Judge Dale E. Ho, who is overseeing the foundering corruption case against Mayor Eric Adams of New York City, is facing a storm of demands that he look deeply into the federal government’s reasons for seeking to drop the prosecution.
On Monday night, three former U.S. attorneys from New York, New Jersey and Connecticut filed a brief asking the judge to conduct an extensive inquiry into whether the Justice Department’s motion to dismiss the Adams case was in the public interest or merely a pretext for securing the mayor’s cooperation with the administration’s anti-immigration policies.
Earlier Monday, Common Cause, the good-government advocacy group, filed a letter with the judge asking that he deny the Justice Department’s motion to dismiss the Adams case, which the group called part of a “corrupt quid pro quo bargain.” The organization also asked the judge to consider appointing an independent special prosecutor to continue the case in court.
And the New York City Bar Association, which has more than 20,000 lawyers as members, said Monday that the order by a top Justice Department official, Emil Bove III, to Danielle R. Sassoon, who was the interim U.S. attorney in Manhattan, to dismiss the case “cuts to the heart of the rule of law.” The organization called for a “searching inquiry” into facts of what happened.
The legal and political crisis encompasses both New York’s City Hall and the U.S. Department of Justice, calling into question Mr. Adams’s future as well as the independence and probity of federal prosecutions.
Mr. Adams was indicted last year on five counts, including bribery, fraud and soliciting illegal foreign campaign donations. He pleaded not guilty and was scheduled for trial in April. But last week, Mr. Bove caused a cascade of resignations — including Ms. Sassoon’s — as prosecutors in Manhattan and Washington refused to comply with his order. On Friday, Mr. Bove himself signed a formal request that Judge Ho will now consider.
The law gives judges scant ability to refuse a prosecutor’s request to drop criminal charges. But Mr. Adams’s case may be an exception.
The former U.S. attorneys in their brief listed more than a dozen questions they said needed to be answered before Judge Ho could decide whether to approve the department’s request to dismiss the case “without prejudice.” With that outcome, the Trump administration could reinstate the charges.
“What is at stake here is far more than an internal prosecutorial dispute about an individual case,” the former U.S. attorneys wrote. “The public furor that has arisen during the past week raises concerns about respect for the rule of law and the division of power between the executive and judicial branches of government in our nation.”
The former top prosecutors who filed the brief were John S. Martin Jr., who served in the Southern District of New York; Robert J. Cleary, who served in New Jersey; and Deirdre M. Daly, who served in Connecticut.
The filing was made by lawyers with the pro bono firm Free and Fair Litigation Group who asked Judge Ho to accept the submission as a “friend of the court” brief. In it, they argue in support of his authority to conduct a factual inquiry into the Justice Department’s actions.

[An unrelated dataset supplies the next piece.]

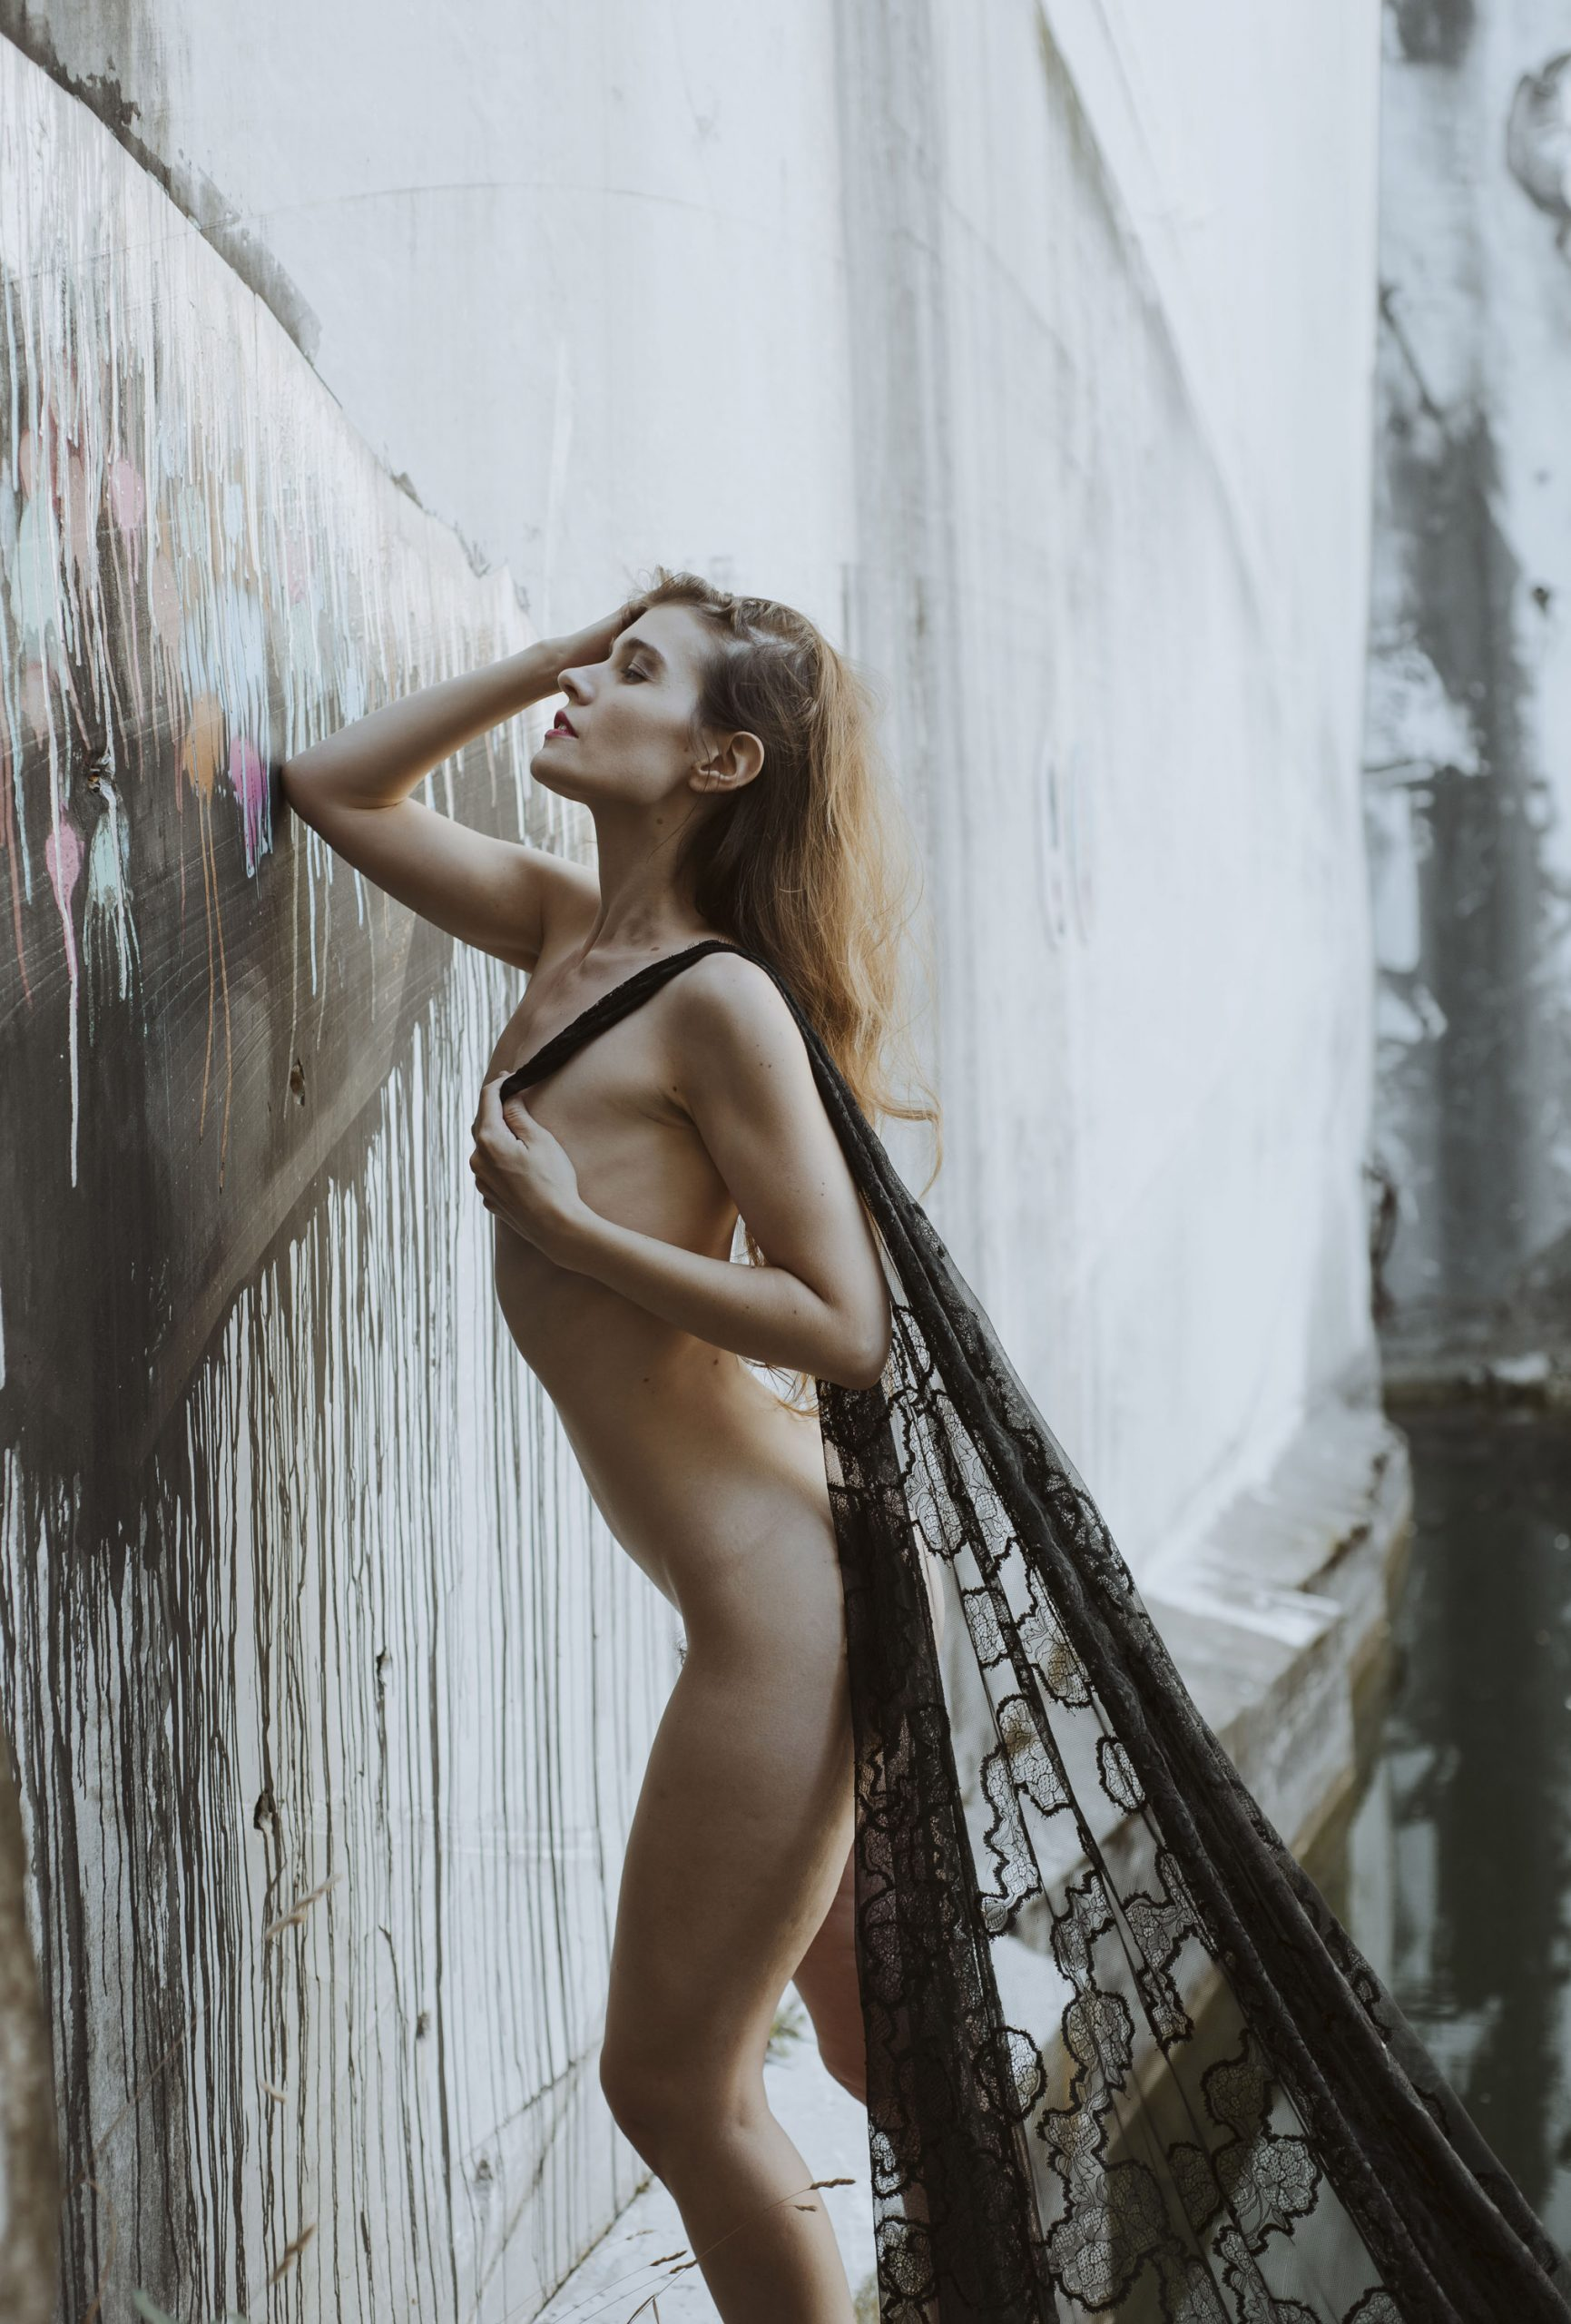 Categorie: Boudoir & Nude, Glamour, Portrait; Photographer: AURORA LIPERINI; Model: ELISA PAGANO; Location: Lucca, LU, Italia

One of the lawyers who filed the brief, Mark Pomerantz, a former chief of the Southern District’s criminal division, said the brief was unusual in arguing that the judge should deny the government’s dismissal request because the parties to the case — the Justice Department and Mayor Adams — were in agreement that the prosecution should end.
“We would like to represent a point of view that none of the parties have an interest in presenting to the court,” Mr. Pomerantz said.
The New York Bar statement said Mr. Bove’s request that would allow the Trump administration to reinstate the charges against Mr. Adams was “expressly political.”
“The policy choices of the government of New York City cannot be dependent on or appear to be dependent on the decision of the Justice Department to prosecute or withhold prosecution of corruption charges against the mayor,” the statement said.
The former interim U.S. attorney, Ms. Sassoon, characterized Mr. Bove’s order to seek an end to the prosecution as a quid pro quo — a dropping of charges in exchange for the mayor’s support in Mr. Trump’s political goal of mass deportations.
“I cannot agree to seek a dismissal driven by improper considerations,” Ms. Sassoon wrote in a letter to the United States attorney general, Pam Bondi.
Ms. Sassoon said in the letter that prosecutors had been prepared to bring an additional charge that would accuse the mayor of destroying evidence and instructing others to do the same.
A lawyer for Mr. Adams, Alex Spiro, called that a false claim. He said that if prosecutors had proof that the mayor destroyed evidence, “they would have brought those charges — as they continually threatened to do.”
Ms. Sassoon resigned rather than obey, and at least six other prosecutors in New York and Washington did the same.
Mr. Bove, whose order specified that his decision to dismiss the case had nothing do with its legal strengths, finally signed the motion himself, along with two other Washington prosecutors, Edward Sullivan and Antoinette T. Bacon.